С другой стороны, неимоверное количество романов Леонтьева с женщинами позволяют говорить лишь о его бисексуальности, да и то в сослагательном ключе, потому что достоверных данных о его сексуальных связях с мужчинами нет; велика вероятность, что эта сторона его личности так и осталась латентной, неосуществленной. Леонтьева не раз сравнивали с красавцем Алкивиадом, намекая не только на характерное для него в начале жизни стремление к чувственным наслаждениям, но и на бисексуальность, присущую античному афинскому обществу. Неслучайно и Иваск подчеркивает андрогинность Леонтьева в своей книге.
Действительно, Леонтьев ценил не только женскую, но и мужскую красоту, – это видно из его литературных описаний. Что это? Крайний эстетизм, позволяющий любоваться буквально всем – даже бронзовой пуговицей на сюртуке, или приверженность «Афродите небесной», любви мужчины к мужчине, которой отдавали свою дань Фидий и Платон? Не знаю. Тут исследователь вступает на зыбкую почву предположений и догадок.
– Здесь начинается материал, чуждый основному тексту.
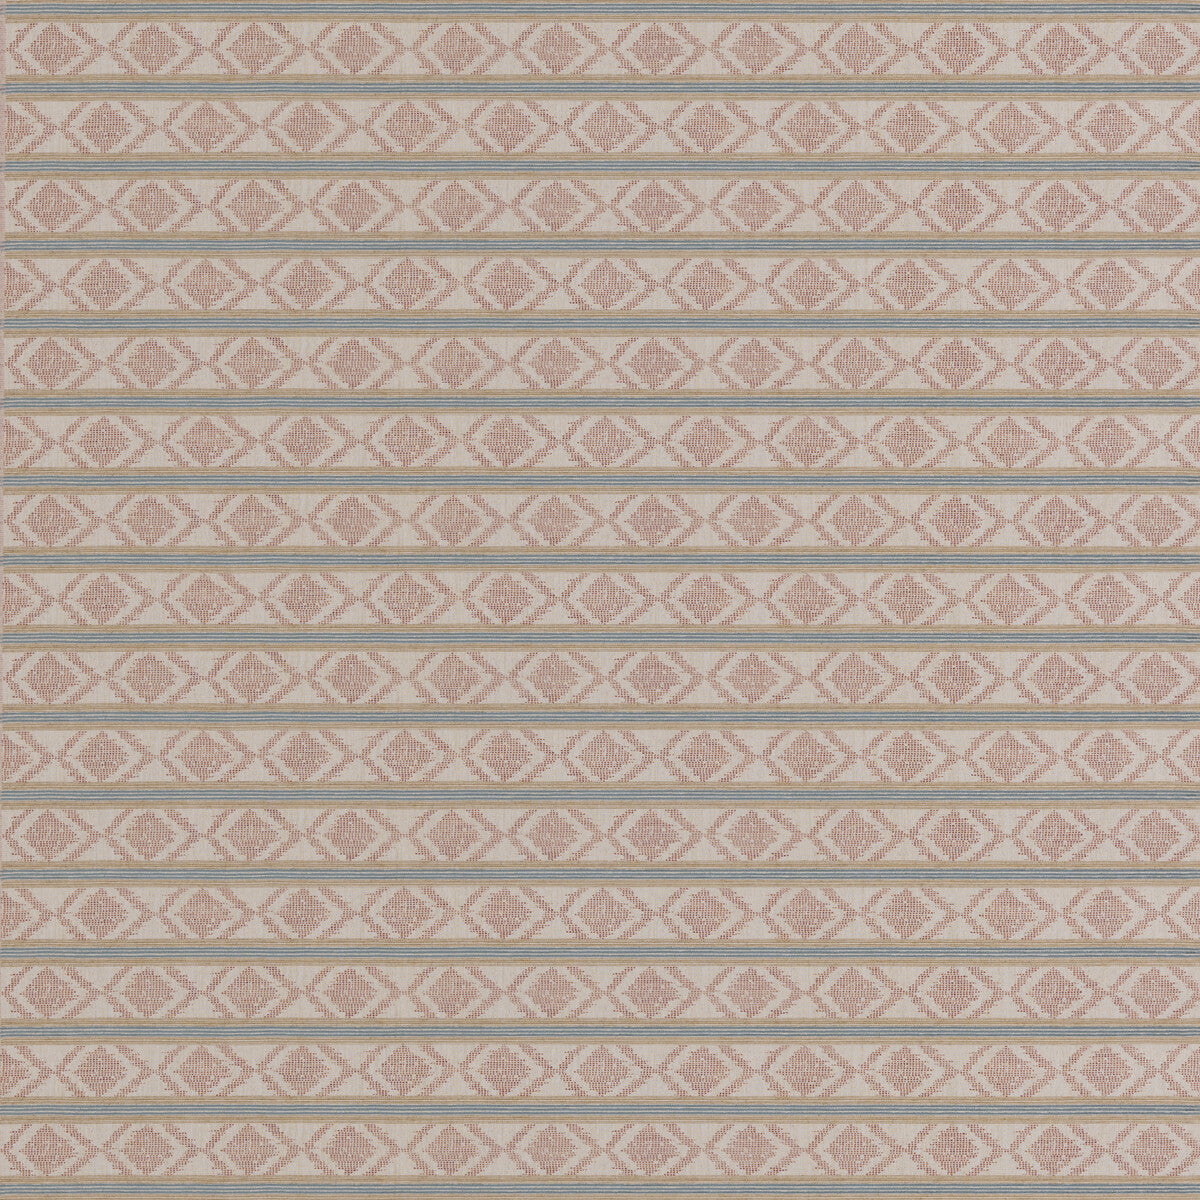 Burford Stripe fabric in coral/aqua color - pattern BF11034.3.0 - by G P &amp; J Baker in the Burford Weaves collection

Потому мнение Розанова о женитьбе Леонтьева я, конечно, приведу, но позволю себе не принимать его на веру безоговорочно. Вот что писал Василий Васильевич по поводу свадьбы Леонтьева: «А грехи его – тяжкие, преступные грехи – да простит ему милосердный Бог наш; а главное – да простит ему его великую вину перед женой, неискупимую страшную. Вот в том, что будучи таковым, он все-таки женился и сделал несчастною неповинную женщину – его тягчайшая вина; верно он думал исцелиться ею, но не исцелел, а другую погубил»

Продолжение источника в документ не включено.